Lá fora as coisas continuavam,
mas dentro tudo permanecia igual.”
- Fala-nos um pouco sobre ti.
Tenho 22 anos e estou no último ano de realização e direcção da Escola de Cinema e Audiovisual da Catalunha (ESCAC).
- A senhora que filmaste, acamada e rodeada pela família, tem o teu mesmo nome, Alicia. A tua avó tinha 96 anos quando a filmaste. Que mensagem queres transmitir com este filme tão pessoal e íntimo?
A mensagem formou-se sozinha e aos poucos. Quando ia com a minha mãe visitá-la ao lar de idosos, para mim era muito triste e difícil lá estar, mas também enchia-me de ternura ver a alegria da minha avó cada vez que alguém a ia visitar e lhe levava um bolo. Foi por isso que decidi filmá-la: não só para representar a sua personalidade tão alegre, mesmo que estivesse acamada, mas também para mostrar o quão importante é estar perto dos idosos nestas situações.

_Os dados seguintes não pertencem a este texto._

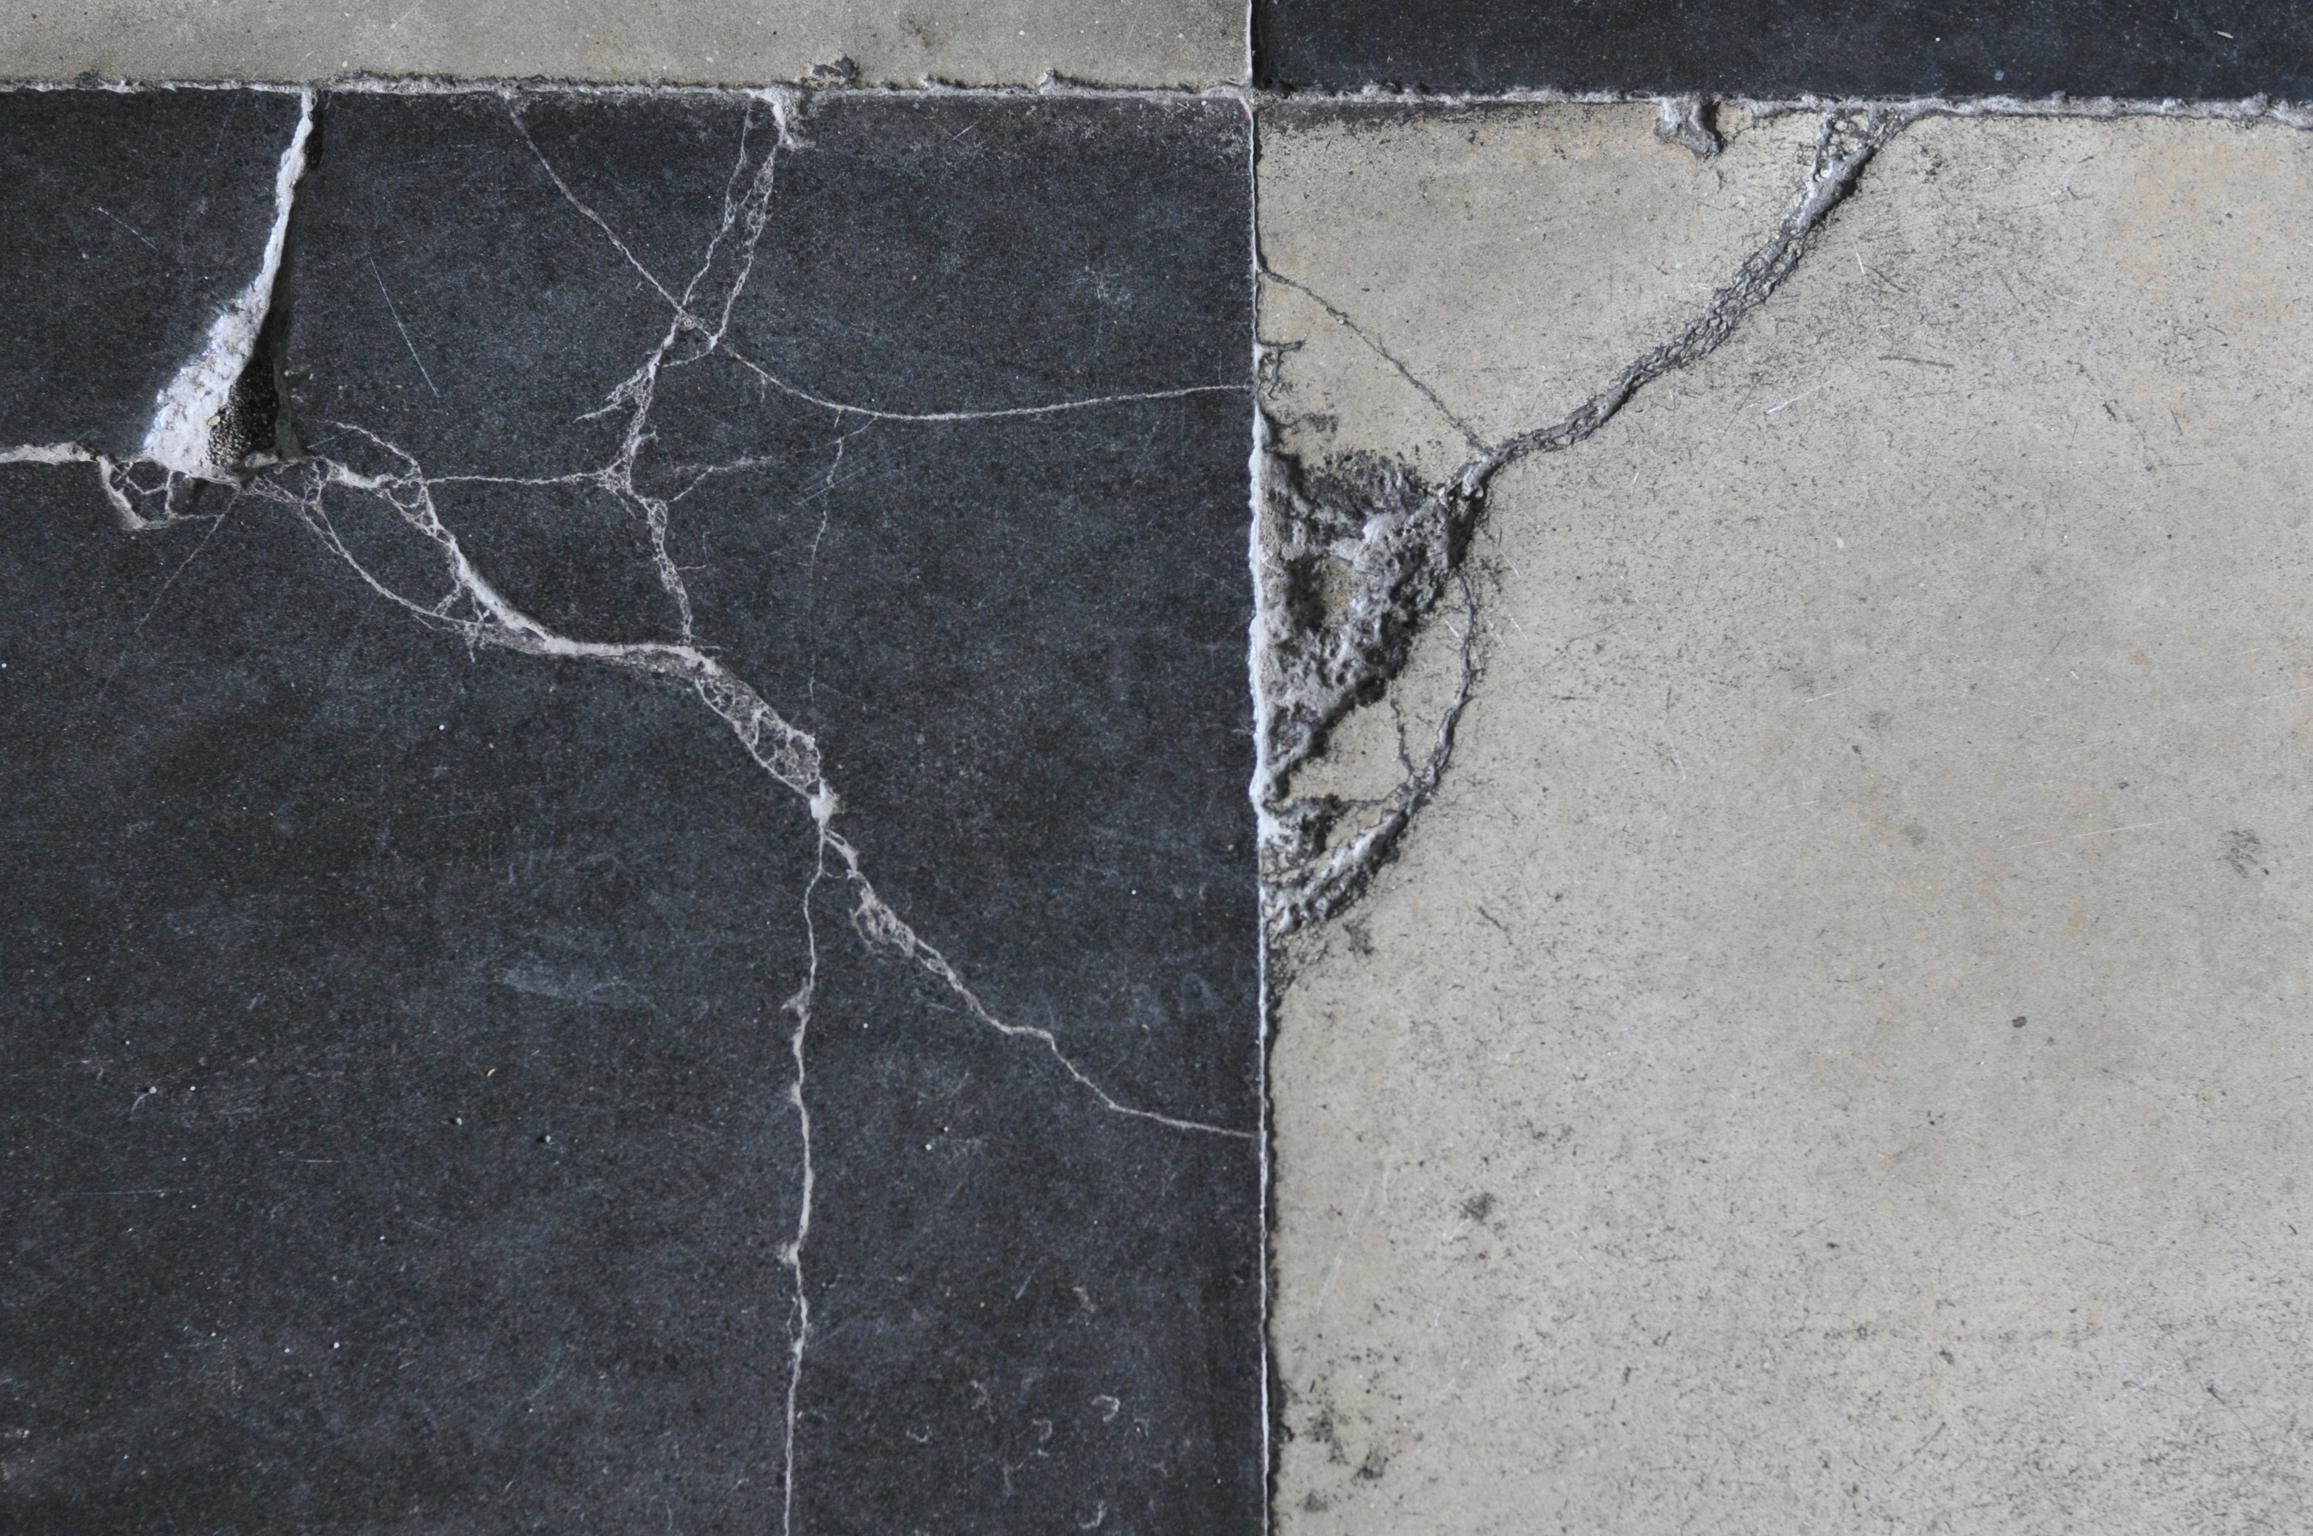 Cracked floor tiles in San Agustin Church, Intramuros, Manila Philippines

Não estava à espera de ver esta alegria desvanecer aos poucos com o tempo, até que deixou de querer doces e quase não conseguia estar acordada. Entretanto via a frustração da minha família, a insistir para que ela não deixasse de comer, de estar acordada… Em outras palavras, de estar viva.

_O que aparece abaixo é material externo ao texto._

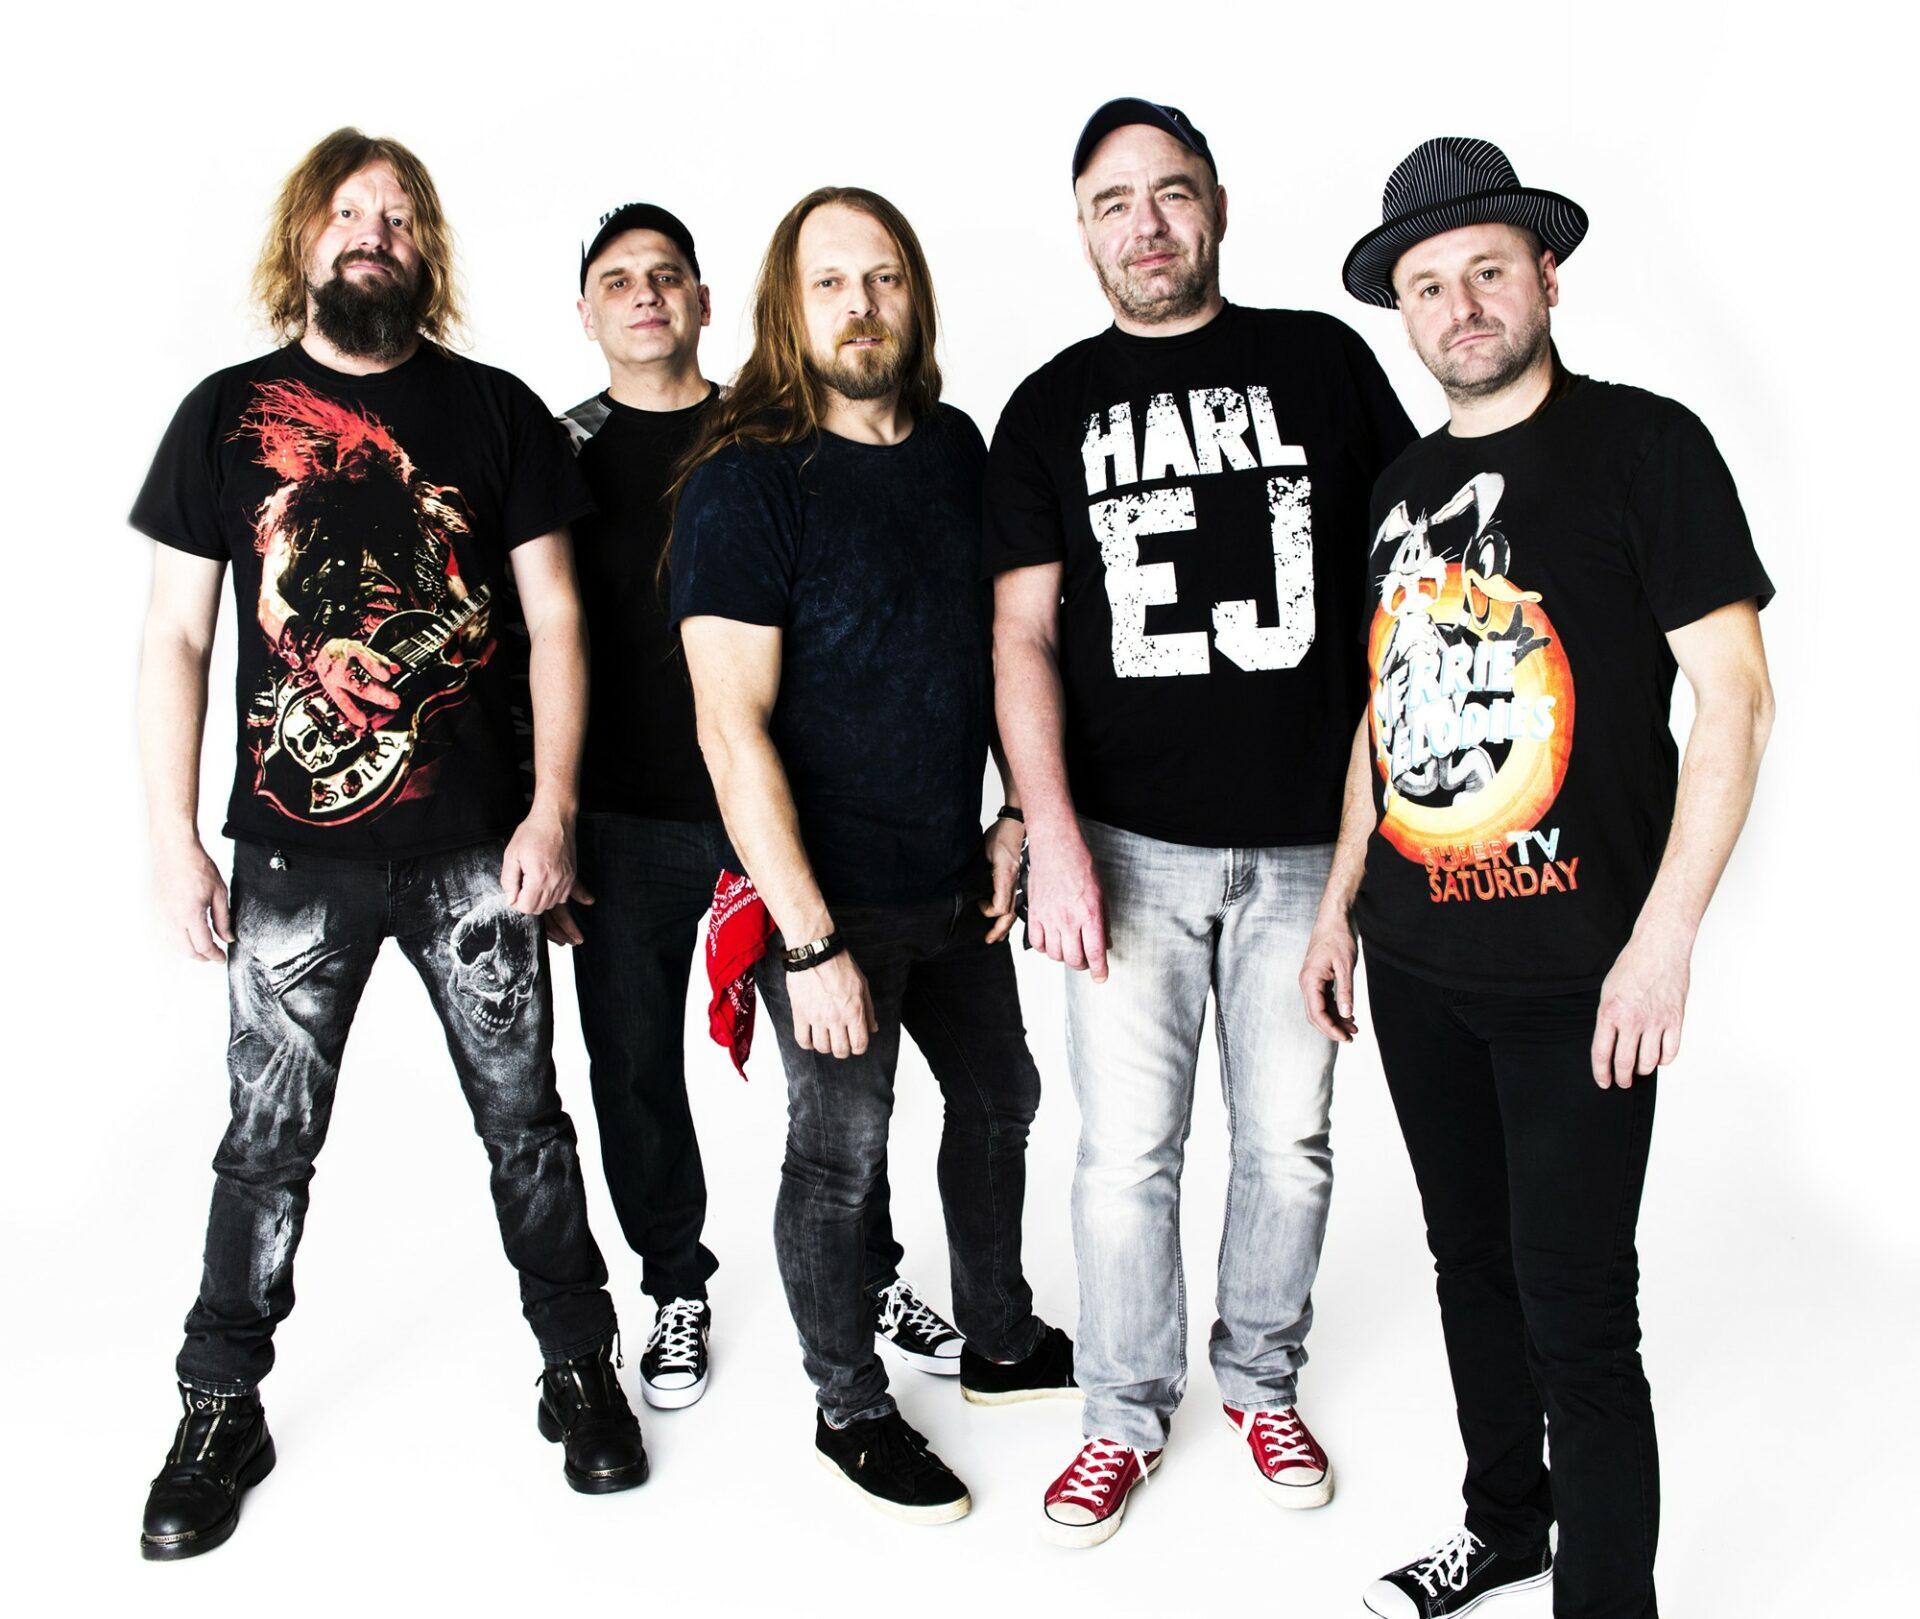 Skupina Harlej oslavuje 25 rokov existencie

O ambiente ali dentro começou a ficar cada vez mais tenso. “Come” dizia a minha mãe, e ela repetia “Não quero mais”. E foi aqui que o documentário tomou outro rumo. Comecei a perguntar-me se essa não fosse uma sala de espera para a morte. Porque é que é tão difícil aceitar esta mudança? A minha avó morreu há alguns meses. Mas de certa forma foi melhor assim porque deixou de sofrer.
- A tua avó sabia que tu estavas no quarto?

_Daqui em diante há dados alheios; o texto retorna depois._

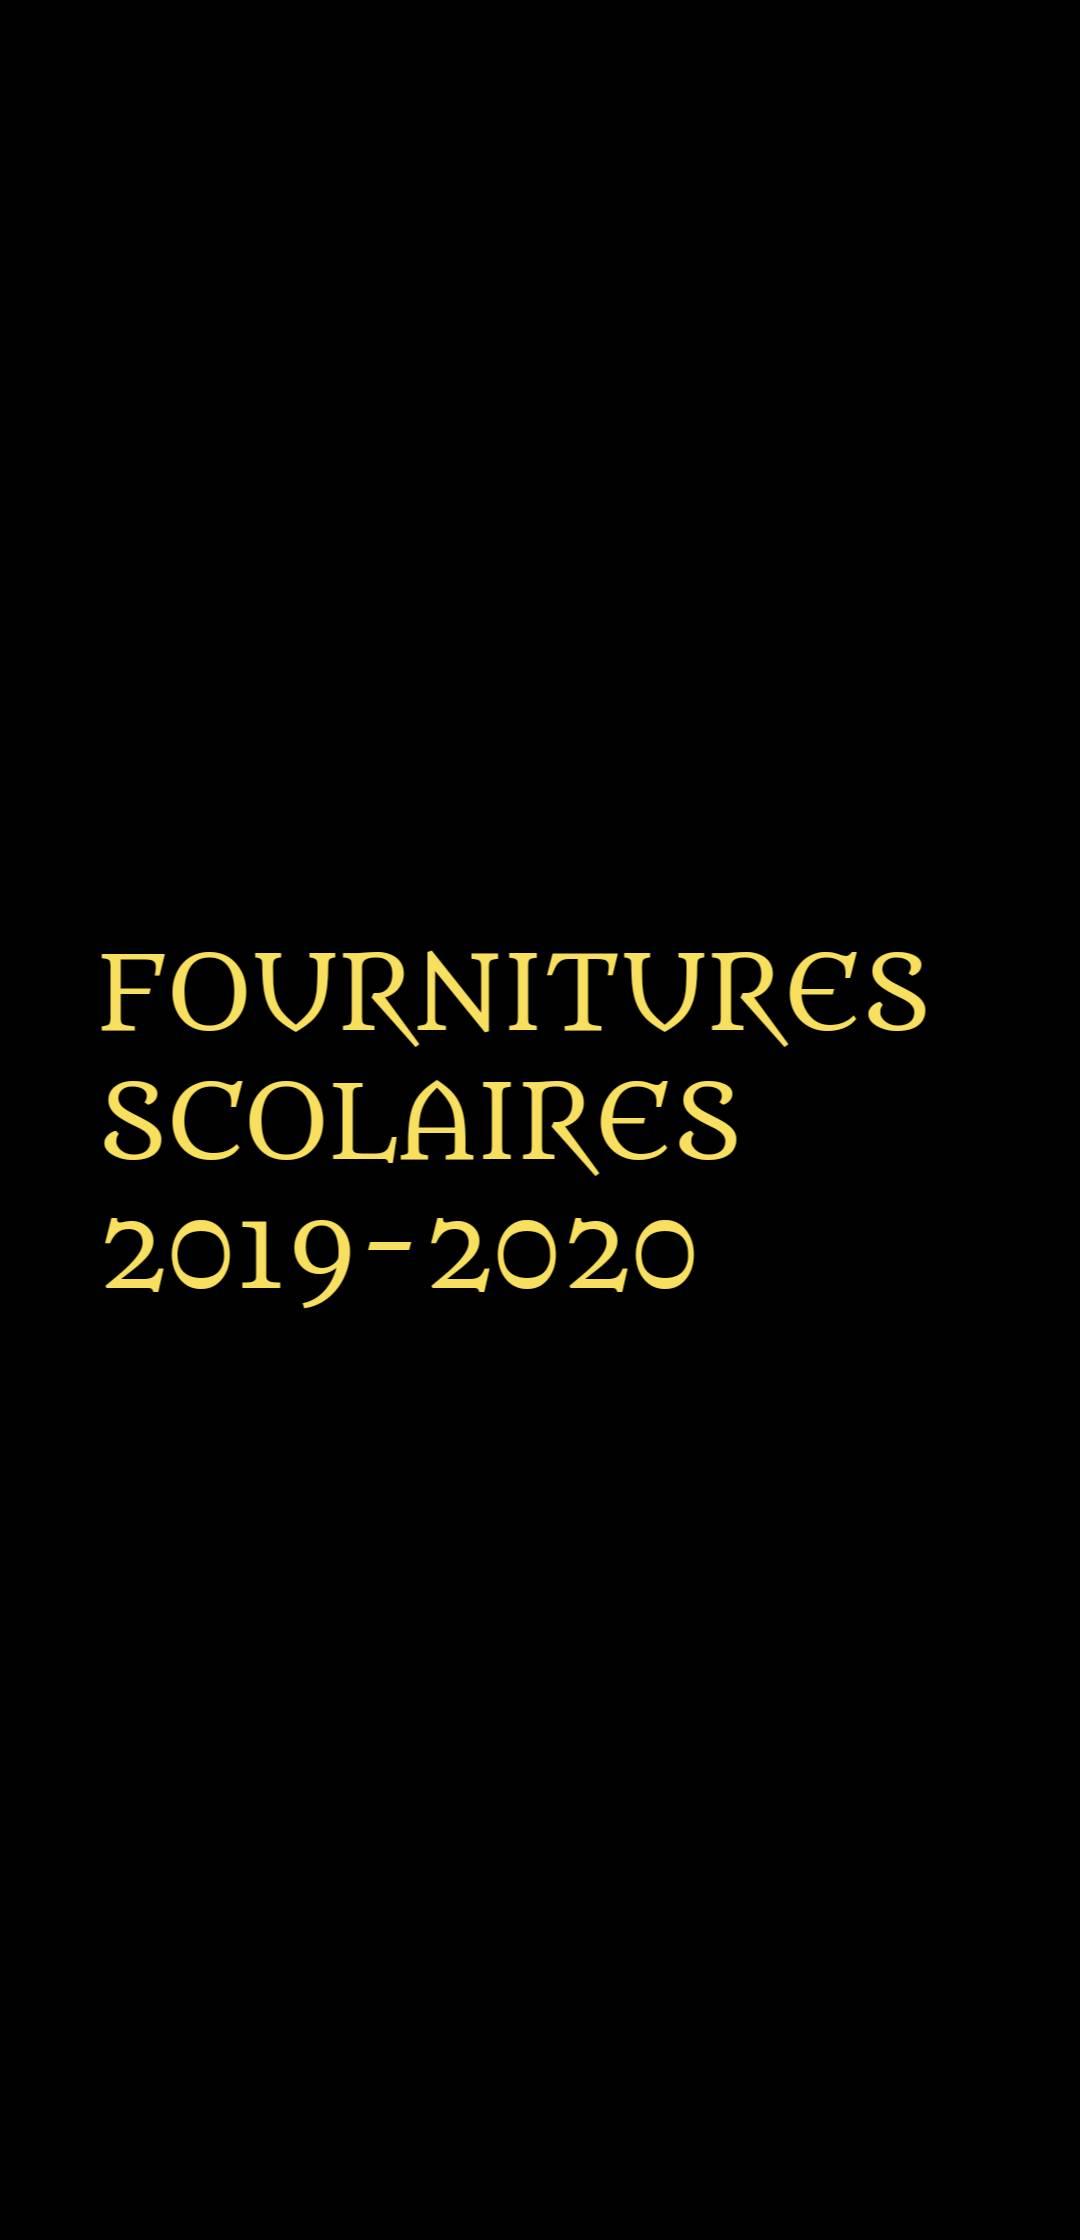 FOURNITURES RENTREE 2019

No início sim. Como as filmagens duraram muito tempo e em diferentes épocas do ano, e a demência da minha avó uns dias estava pior que outros, havia dias em que não estava tão consciente.
- Como convenceste a tua família a gravar um filme tão íntimo?
Quando era pequena vivia com a minha avó e ela foi uma presença constante na minha vida. Graças à confiança entre nós as duas e com a minha mãe, eu podia entrar no quarto quando quisesse, sem ter que lhe pedir primeiro. Para a minha avó não havia problema com as gravações: achava divertido “atuar num filme”.
É um filme muito tranquilo. Só se vê o que acontece através da janela do quarto, a câmara fica entre essas quatro paredes. É como se as pessoas tivessem que se sentir encurraladas.
É interessante que o espectador se identifique com a Alicia, fechado nesse quarto tal como ela estava.
O sol a entrar pela janela, os outros pacientes a queixarem-se, as enfermeiras a ir de um lado para o outro. Era tudo um loop nesse quarto. Lá fora as coisas continuavam, mas dentro tudo permanecia igual. A única diferença era o dia e a noite, ou se um dia te trazem uma comida ou outra. Tudo o resto continua parado; o que muda é o corpo, cada vez mais preso à cama, e o espírito, cada vez mais longe da realidade.
A única diferença é quando a tua filha vem-te visitar e traz-te um bolo.
- Podes falar-nos da última cena do filme? É uma imagem muito poderosa que revela uma mulher na escuridão com os braços cruzados e os olhos brilhantes, que parece zangada, resignada ou triste, ou as três ao mesmo tempo. Quem é e qual é o motivo desta escolha?
Era a minha mãe. Esta imagem surgiu num dos últimos dias das filmagens. A minha mãe estava a observar a avó com a impotência de ter que aceitar esta realidade e de ver com os seus próprios olhos que não se podia fazer nada para mudá-la.
Acho que esta imagem tinha de ser colocada no final da curta-metragem porque de certa forma é o meu olhar como diretora e espectadora que, mesmo desejando que a Alicia viva, não pode fazer nada.
- Há algo que queiras dizer sobre a adaptação multilingue do teu filme?
É incrível poder mostrar a pessoas de diferentes nacionalidades os momentos que a minha avó viveu neste pequeno quarto de uma aldeia do norte de Espanha. Obrigada!